The documentation for layout() is rather opaque, so we'll review it separately.

oldpar = par(no.readonly = TRUE)
# revert to this later

layout(matrix(1:7), widths=1, heights=c(3,8,8,8,8,8,8), respect=FALSE)

The layout() function divides the plot area into a matrix of cells, some of which will be filled by the next output plots. The first argument says where in the matrix the next N objects will go. All the integers 1...N must appear in the matrix; cells that will be left empty have a 0 instead. Here, we have no empty cells, and only one column, so the "matrix" is really just a vector with 1...7 in order. The widths option specifies the relative widths of the columns-- here we have only one column so any constant will result in the use of the whole width of the output area. Similarly, the heightsoption gives the relative height of the cells. Here the title will get 3/51 of the height, while each 10-minute block will get 8/51. This unequal shape of the plot regions is one reason to prefer layout() to some other ways to plot multiple images on a page. The respect option, when "TRUE" makes the otherwise relative widths and heights conform, so that a unit of height is equal to a unit of width. We also use layout() in example 8.41.

With the layout in hand, we're ready to fill it.

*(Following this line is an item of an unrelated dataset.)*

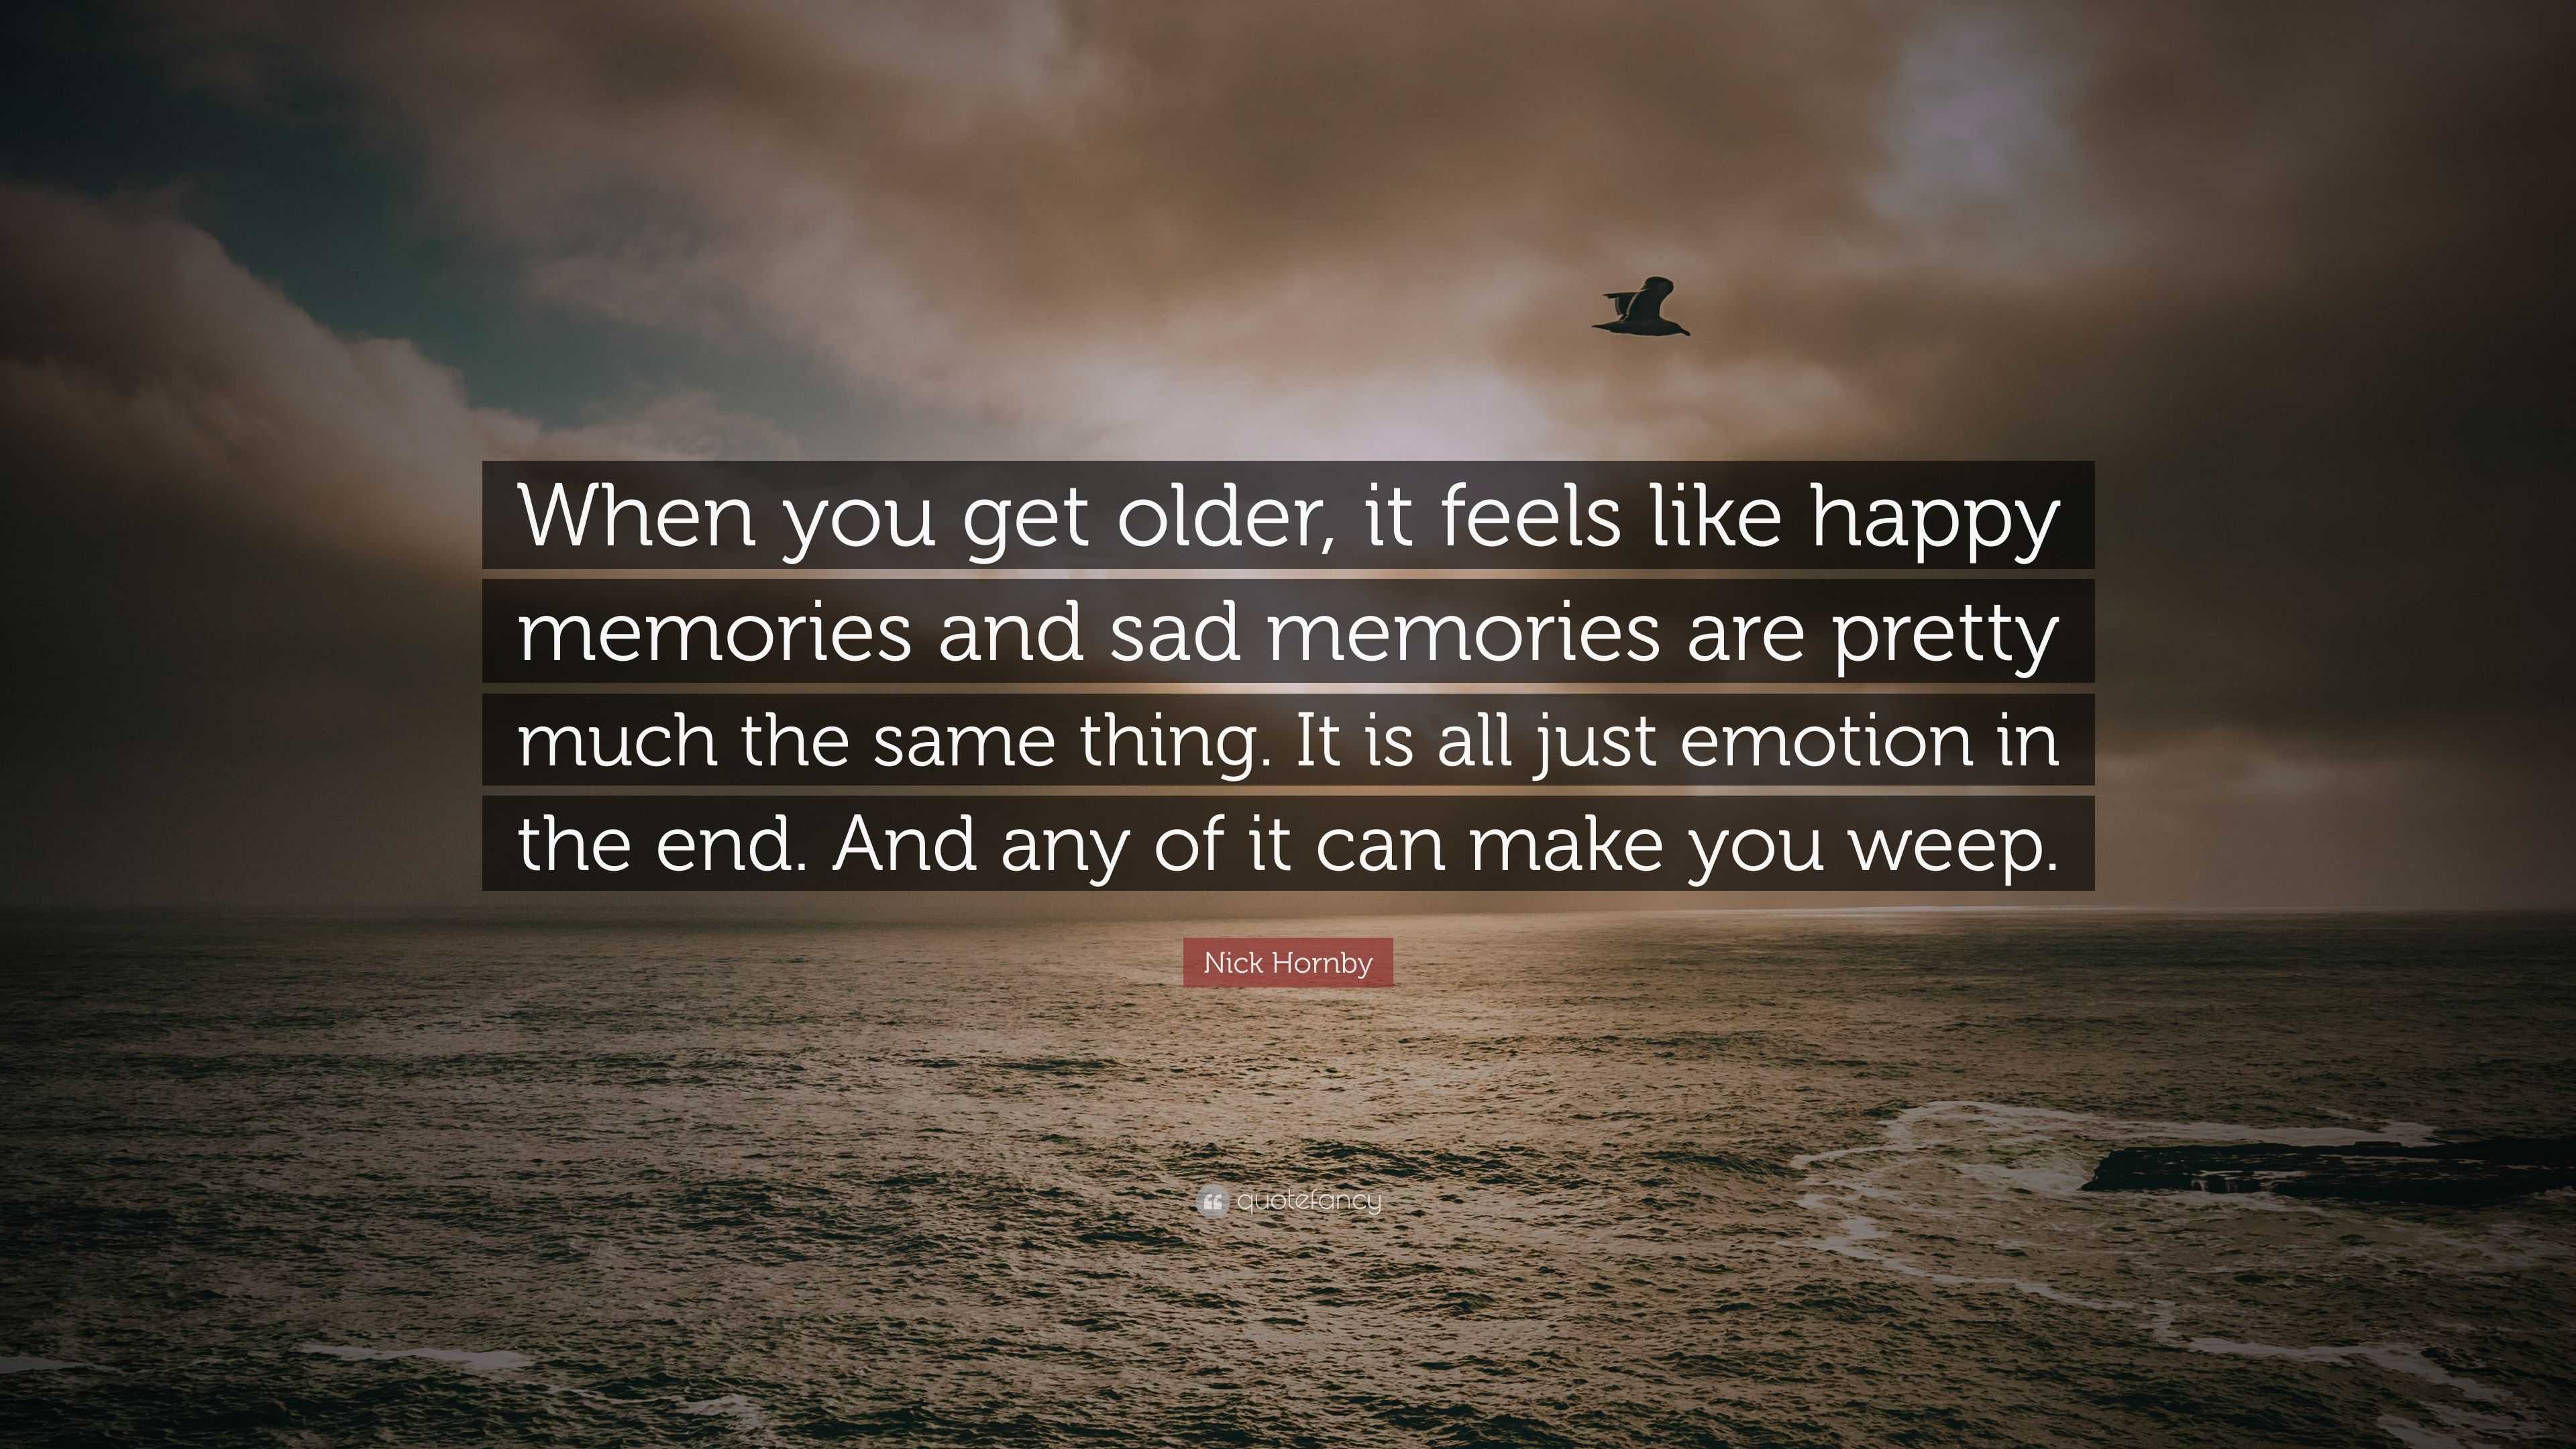 Nick Hornby Quote  When you get older it feels like

par(xaxt="n", mar = c(.3,2,.3,0) +.05)
# drop the x-axis, change the spacing around the plot
plot(x=1,y=1,type="n",ylim=c(-1,1), xlim=c(-1,1), yaxt="n",bty="n")
# the first (narrow) plot is just empty
hour=3
text(0,0,paste("Hour ", (hour + 1), " of pressure data"), cex=2)
# text to put in the first plot
miny = min(cycles[(hour * 18000 + 1):((hour + 1) * 18000)])
maxy = max(cycles[(hour * 18000 + 1):((hour + 1) * 18000)])
# find min and max across the whole hour, to keep range
# of y-axis constant across the plots
for (x in 0:5) plot10(hour, x, miny, maxy)
# plot the 6 ten-minute blocks
par(oldpar)
# reset the graphics options

The resulting plot is shown at the top of the entry. There's clearly something odd going on around 11-15 minutes into the hour-- this could be a misadjusted mask, or a real problem with the breathing. There's also a period around 58 minutes when it looks like breathing stops. That's what the machine is meant to stop.

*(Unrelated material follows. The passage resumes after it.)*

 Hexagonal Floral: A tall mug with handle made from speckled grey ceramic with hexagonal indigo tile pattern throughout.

An unrelated note about aggregatorsWe love aggregators! Aggregators collect blogs that have similar coverage for the convenience of readers, and for blog authors they offer a way to reach new audiences. SAS and R is aggregated by R-bloggers, PROC-X, and statsblogs with our permission, and by at least 2 other aggregating services which have never contacted us. If you read this on an aggregator that does not credit the blogs it incorporates, please come visit us at SAS and R. We answer comments there and offer direct subscriptions if you like our content. In addition, no one is allowed to profit by this work under our license; if you see advertisements on this page, the aggregator is violating the terms by which we publish our work.

2 comments:

nick said...

These are helpful visualizations. They also make me wonder if the information in them could be condensed more into a heat-map style graph. Sort of in the style of "lasagna plots": http://journals.lww.com/epidem/Fulltext/2010/09000/Lasagna_Plots__A_Saucy_Alternative_to_Spaghetti.15.aspx

How would the oscillations look in a heat map? Could be interesting, although it might make you dizzy.

Ken Kleinman said...

Hi, Nick-- I think my plot will look a lot more like lasagna, if I add more hours to it, than these heat maps. I hadn't seen the lasagna plot recently, if ever. There's a link to the data in example 10.1, if you want to play with it.

What I'd really like to do for analysis would be to subtract out the cyclical pattern and show/interpret mainly deviations from it, but I'm quite ignorant about time-series methods, which I assume would help with that.